RabbitMQ is a better fit when you want broker-oriented messaging behavior, exchanges, and mature queue features such as max-priority support.

## Switching Backends

One of the main design goals of the jobs package is that your job schema and consumer logic should not need major changes when switching backends.

```python
# Development
backend = LocalClient()

# Shared test environment
backend = RedisClient(host="localhost", port=6379, db=0)

# Production / broker-oriented setup
backend = RabbitMQClient(host="localhost", port=5672, username="user", password="password")

orchestrator = Orchestrator(backend)
consumer = ReportConsumer()
consumer.connect_to_orchestrator(orchestrator, "build_report")
```

The core publishing and consuming flow stays largely the same.

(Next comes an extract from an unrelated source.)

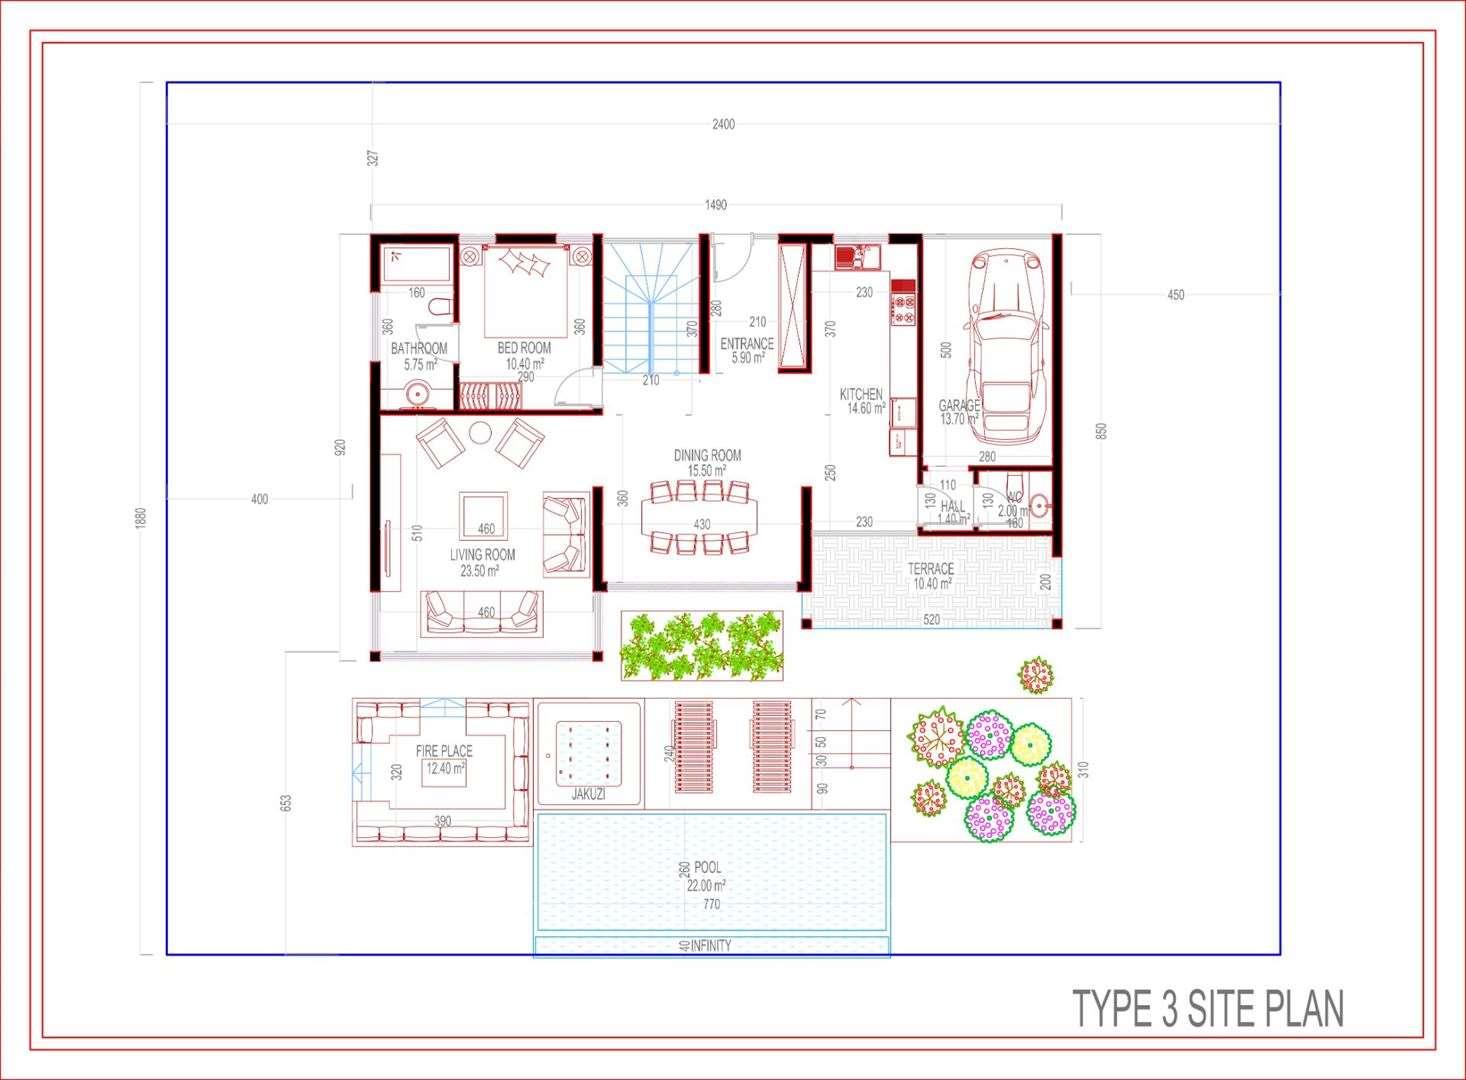 Type 3 Villa Site Plan

## Queue Types and Priority

The local and Redis backends expose queue-type selection when declaring a queue.

### FIFO queue

```python
orchestrator.register(schema, queue_type="fifo")
```

### Stack / LIFO queue

```python
backend.declare_queue("stack_tasks", queue_type="stack")
```

### Priority queue

```python
backend.declare_queue("priority_tasks", queue_type="priority")
orchestrator.publish("priority_tasks", priority_job, priority=100)
orchestrator.publish("priority_tasks", background_job, priority=10)
```

### RabbitMQ priority queues

RabbitMQ does not use the same `queue_type` argument. Instead, you declare a queue with `max_priority`.

```python
backend = RabbitMQClient(host="localhost", port=5672, username="user", password="password")
backend.declare_queue("rabbitmq_priority", max_priority=255)
```

Then publish with a priority value:

```python
orchestrator = Orchestrator(backend)
orchestrator.publish("rabbitmq_priority", job, priority=255)
```

## Redis Setup

For Redis-backed jobs, start a Redis server first.

```bash
$ redis-server
```

Or with Docker:

```bash
$ docker run -d --name redis -p 6379:6379 redis:latest
$ redis-cli ping
```

## RabbitMQ Setup

For RabbitMQ-backed jobs, start a RabbitMQ server first.

```bash
$ docker run -d --name rabbitmq \
    -p 5672:5672 \
    -p 15672:15672 \
    -e RABBITMQ_DEFAULT_USER=user \
    -e RABBITMQ_DEFAULT_PASS=password \
    rabbitmq:3-management
```

## Examples

Related examples in the repo:

- [Simple orchestrator example](../../samples/jobs/orchestrator_simple.py)
- [Jobs demo sample](../../samples/jobs/sample_jobs_demo.py)

## Testing

If you are working in the full Mindtrace repo, run tests for this module specifically:

```bash
$ git clone https://github.com/Mindtrace/mindtrace.git && cd mindtrace
$ uv sync --dev --all-extras
$ ds test: jobs
$ ds test: --unit jobs
```

## Practical Notes and Caveats

- `JobSchema` is currently an alias of `TaskSchema`, so older naming in the jobs package may reflect that transition.
- Consumers operate on `job_dict` payloads, so your `run()` implementation should be defensive about the shape it expects.
- Local, Redis, and RabbitMQ backends expose similar high-level workflows, but their queue semantics and operational requirements differ.
- Redis and RabbitMQ require external services; the local backend is the simplest place to start.
- Priority queue support exists across backends, but the declaration model differs for RabbitMQ vs. local/Redis backends.